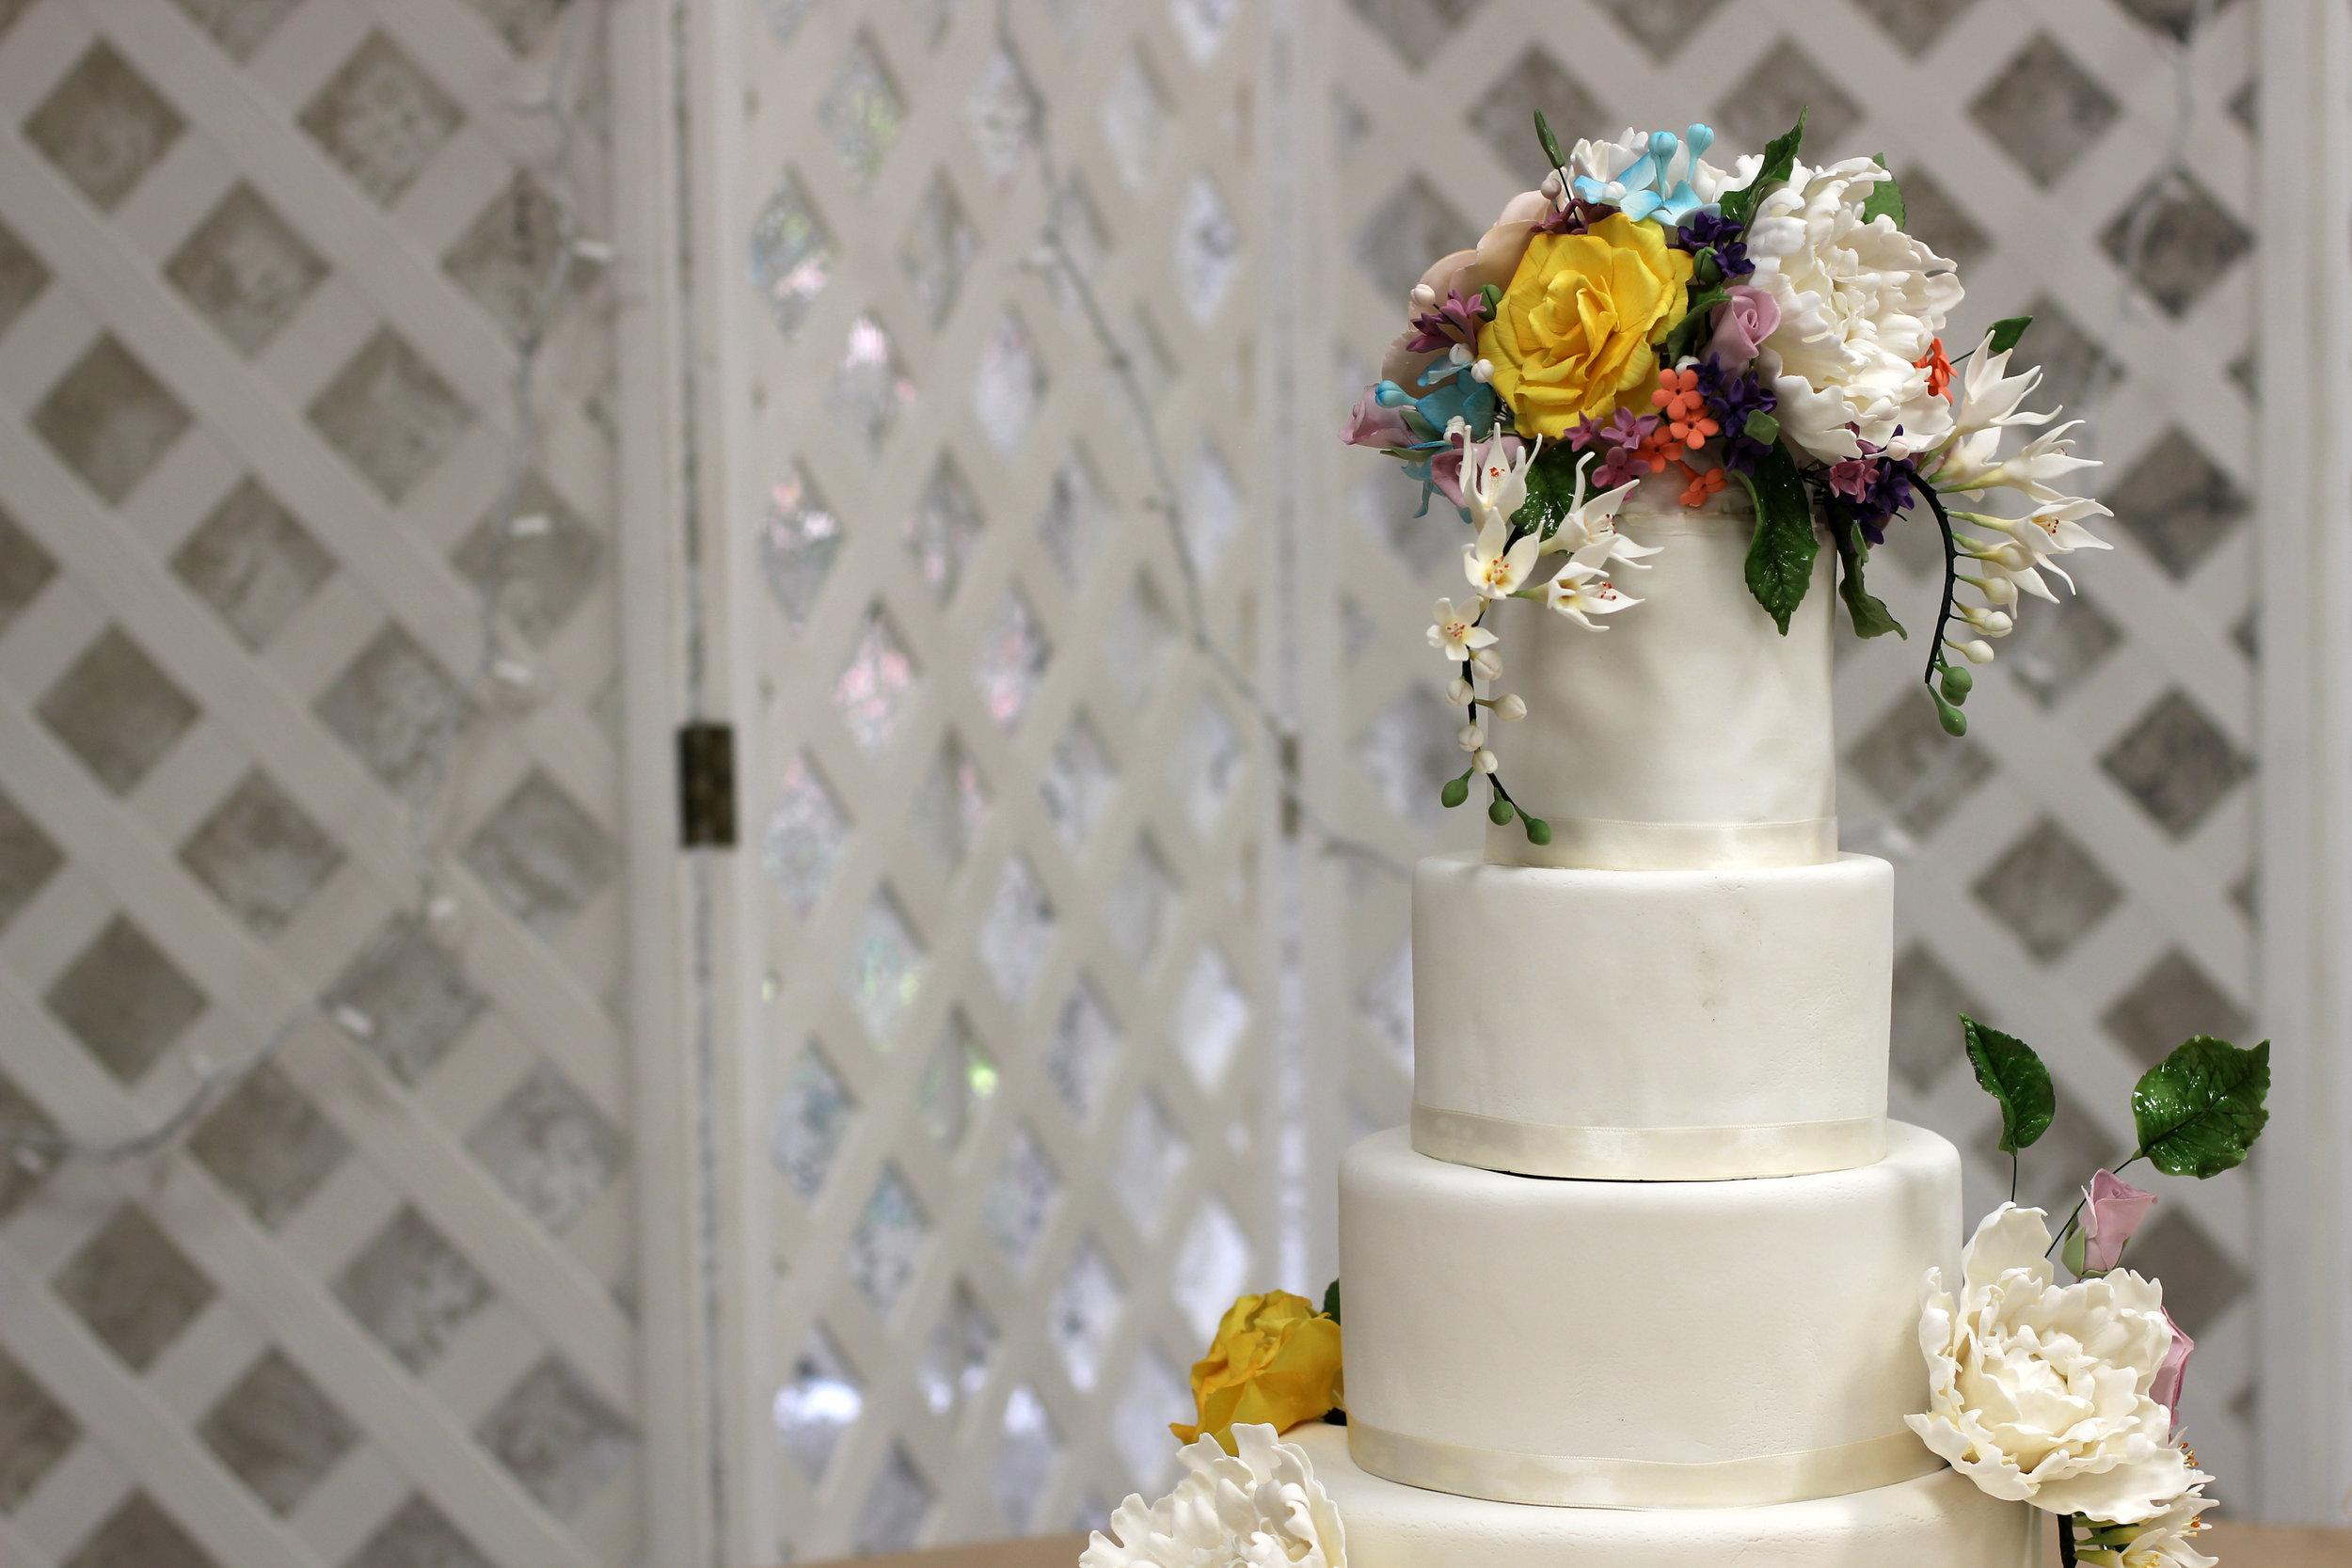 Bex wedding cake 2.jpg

----------------

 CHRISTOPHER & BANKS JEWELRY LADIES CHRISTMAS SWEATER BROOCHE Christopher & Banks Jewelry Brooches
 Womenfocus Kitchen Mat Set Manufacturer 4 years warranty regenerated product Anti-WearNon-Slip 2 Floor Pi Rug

----------------

> _INSTRUCTIONS FOR THE TASK_
The entries above hold a line with "CHRISTOPHER & BANKS JEWELRY LADIES" and a later line with "Womenfocus Kitchen Mat". Write out exactly those lines and all lines between, nothing more.

> _OUTPUT BELOW_
 CHRISTOPHER & BANKS JEWELRY LADIES CHRISTMAS SWEATER BROOCHE Christopher & Banks Jewelry Brooches
 Womenfocus Kitchen Mat Set Manufacturer 4 years warranty regenerated product Anti-WearNon-Slip 2 Floor Pi Rug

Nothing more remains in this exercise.